Days had slid into weeks, however, and in turn had dumped into seasons of the year. And he supposed he became something like a doctor who had a terminal disease: He finally knew firsthand how the families of missing persons felt. And God, that dreaded, cold stretch of Not Knowing was nothing he’d ever expected to wander down . . . but with his old partner’s disappearance, he didn’t just walk it; he bought a lot, put up a house, and moved the f*ck in.

Now, though, after he’d given up all hope, after he no longer woke up in the middle of the night with the wonders . . . now this recording.

Sure, millions of people had Southie accents. But O’Neal had had a telltale hoarseness in his voice that couldn’t be replicated.

Abruptly, José didn’t feel like going to the twenty-four, and he didn’t want anything to eat. But he put his unmarked in drive and hit the gas.

The moment he’d looked into the Dumpster and seen those missing eyes and that dental job, he’d known that he was going in search of a serial killer. But he couldn’t have guessed he’d be on another search.

Time to find Butch O’Neal.

If he could.





SIXTEEN


Done week later, Manny woke up in his own bed with a stinger of a hangover. The good news was that at least this headache could be explained: When he’d come home, he’d hit the Lag like a punching bag and it had done its job, smacking him back and knocking him flat on his ass.

The first thing he did was reach over and get his phone. With blurry eyes, he called the vet’s cell. The pair of them had a little early-morning ritual going, and he thanked God that the guy was also an insomniac.

The vet answered on the second ring. “Hello?”

“How’s my girl?” The pause told him everything he had to know. “That bad?”

“Well, her vitals remain good, and she remains as comfortable as she can be in her suspension, but I’m worried about the foundering. We’ll see.”

“Keep me posted.”

“Always.”

At that point, hanging up was the only thing he could do. The conversation was over, and it wasn’t like he was a shoot-the-shit kind of guy—although even if he had been, chitchat wasn’t going to get him what he wanted, which was a healthy f*cking horse.

Before his alarm went off at six thirty and put paid on the shot-through-the-head routine, he slapped his radio clock into permasilence and thought, Workout. Coffee. Back to the hospital.

Wait. Coffee, workout, hospital.

He definitely needed caffeine first. He wasn’t fit to run or lift weights in this condition—and shouldn’t be operating heavy machinery like an elevator, either.

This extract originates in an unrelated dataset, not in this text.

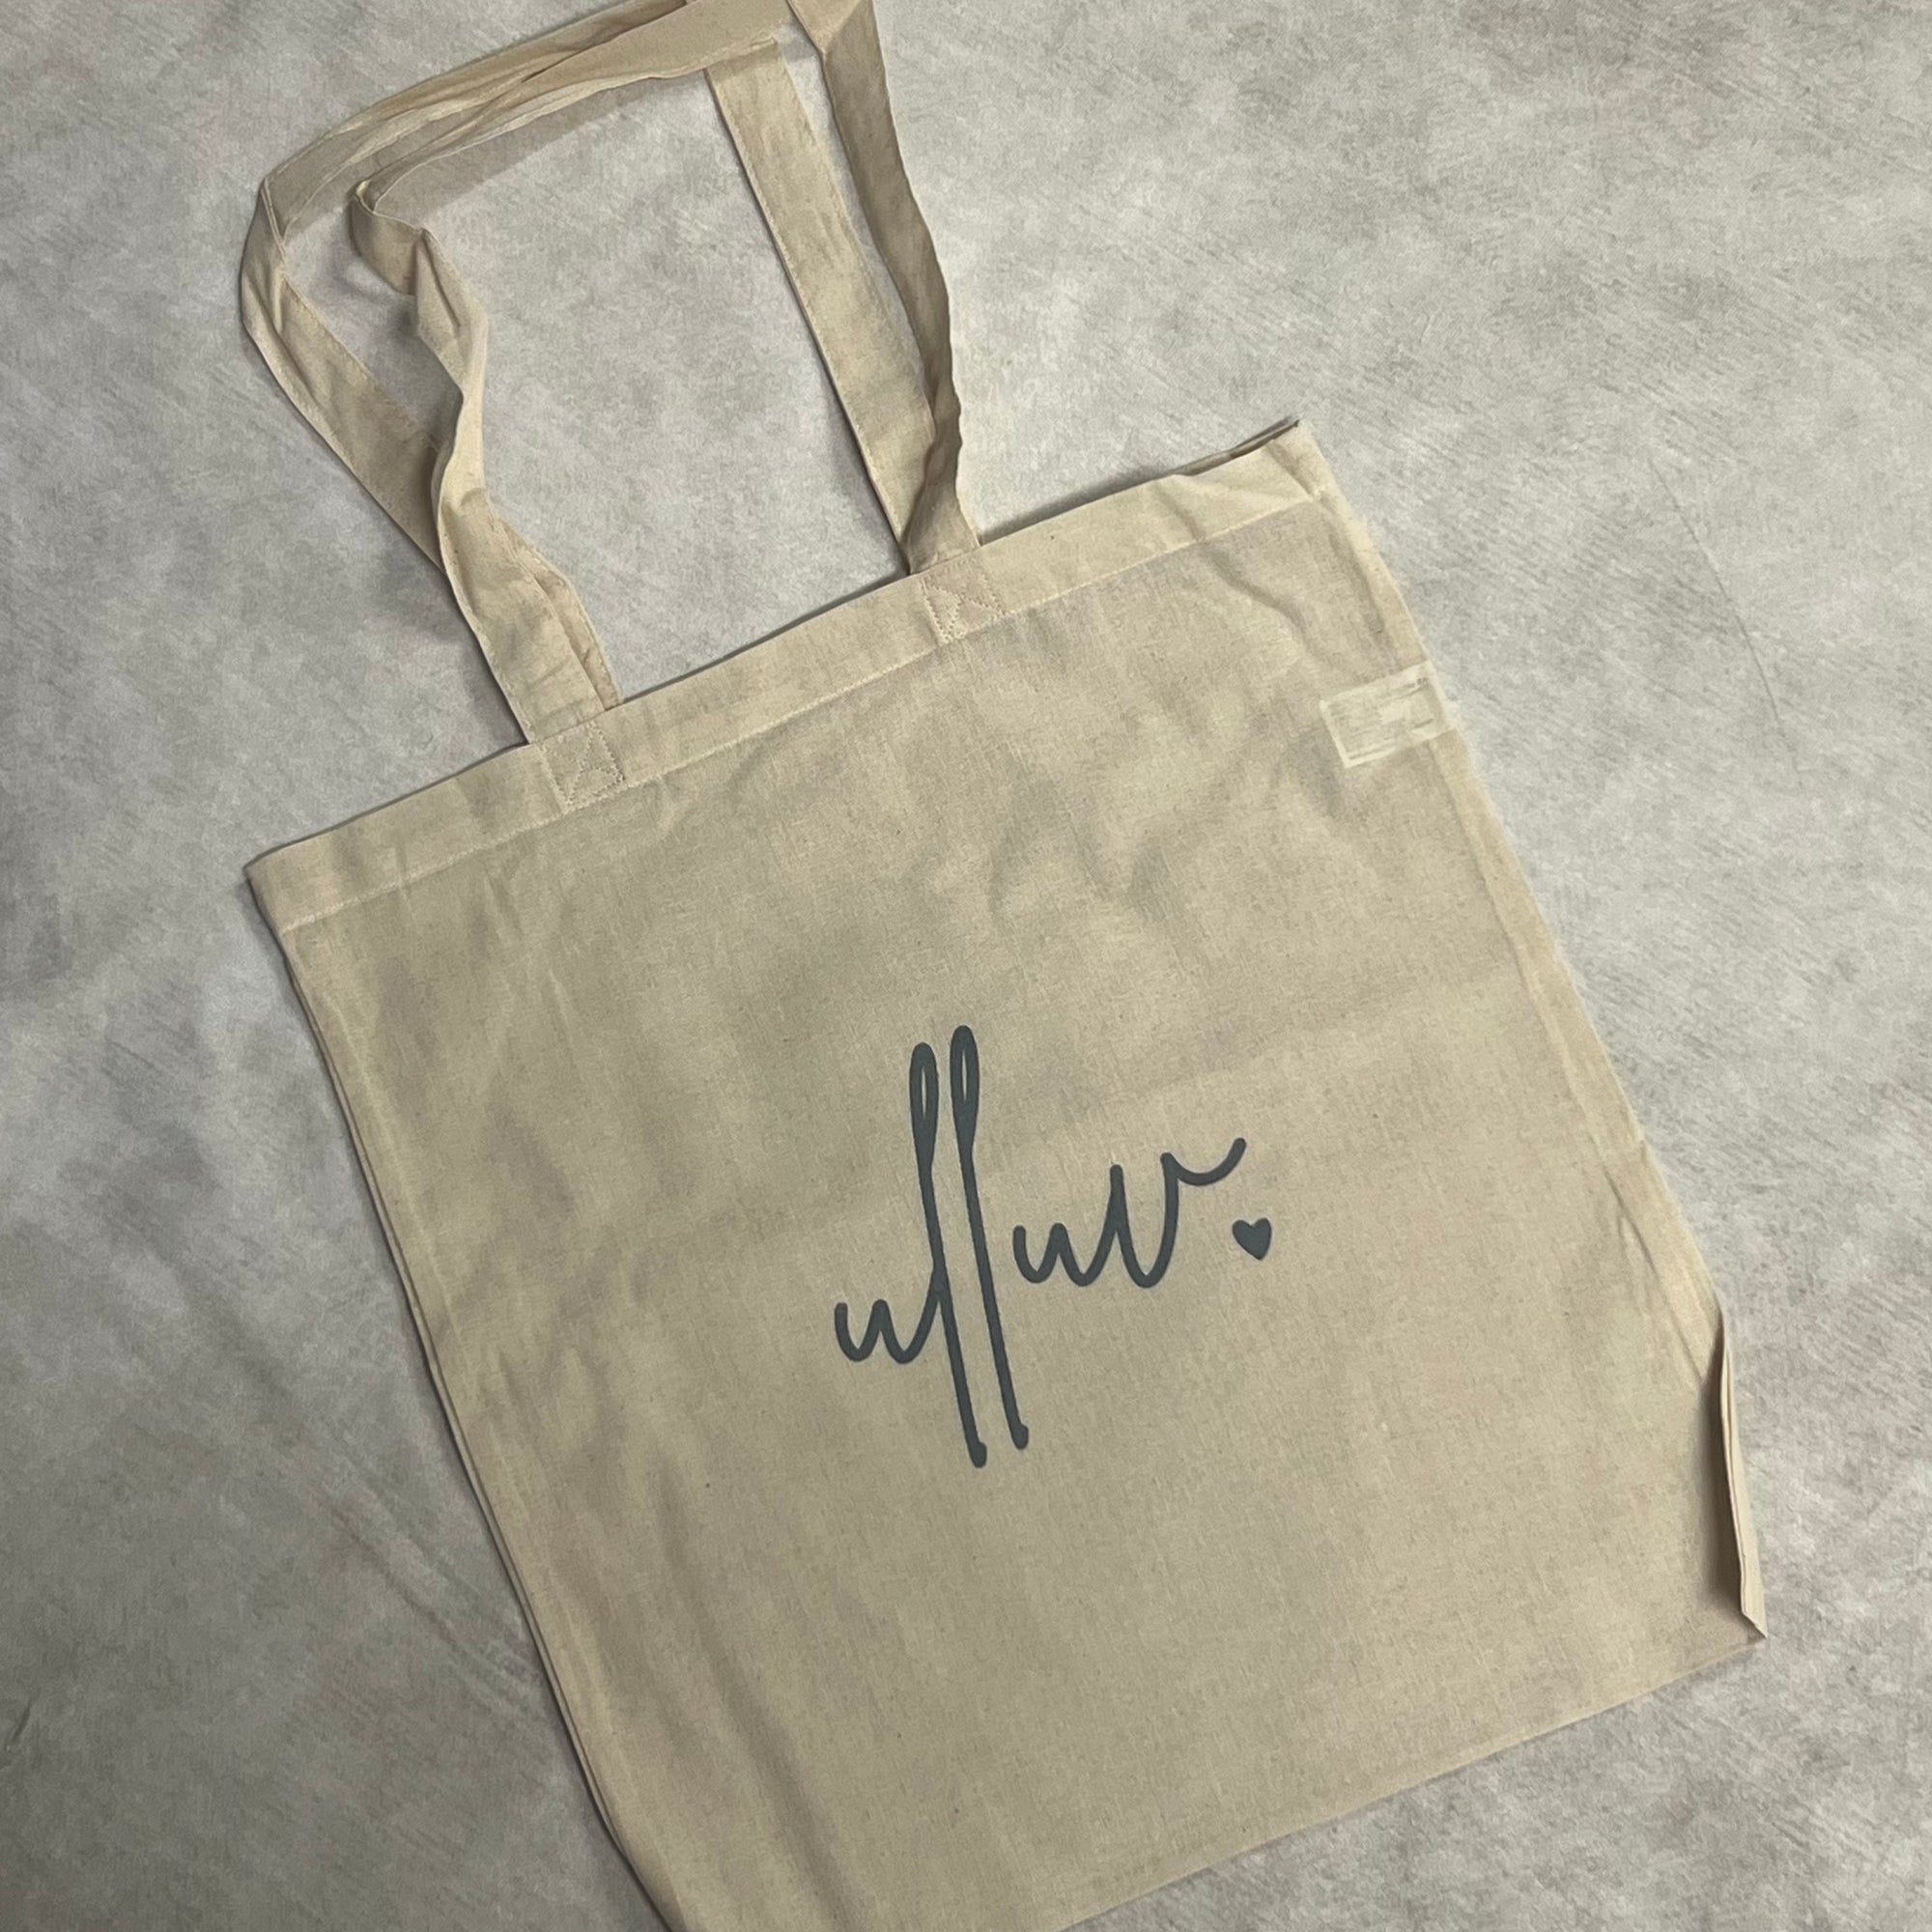 CLEARANCE - Ulluv Cotton Tote

As he shifted his feet to the floor and went vertical, his head had a heartbeat of its own, but he revolted against the idea that maybe, just maybe, the pain wasn’t about the liquor: He was not sick, and he wasn’t cooking up a brain tumor—although if he was, he’d still go in to St. Francis. It was in his nature. Hell, when he’d been young, he’d fought to go to school when he was ill—even when he’d had the chicken pox and had looked like a connect-the-dots canvas, he’d insisted on heading for the bus.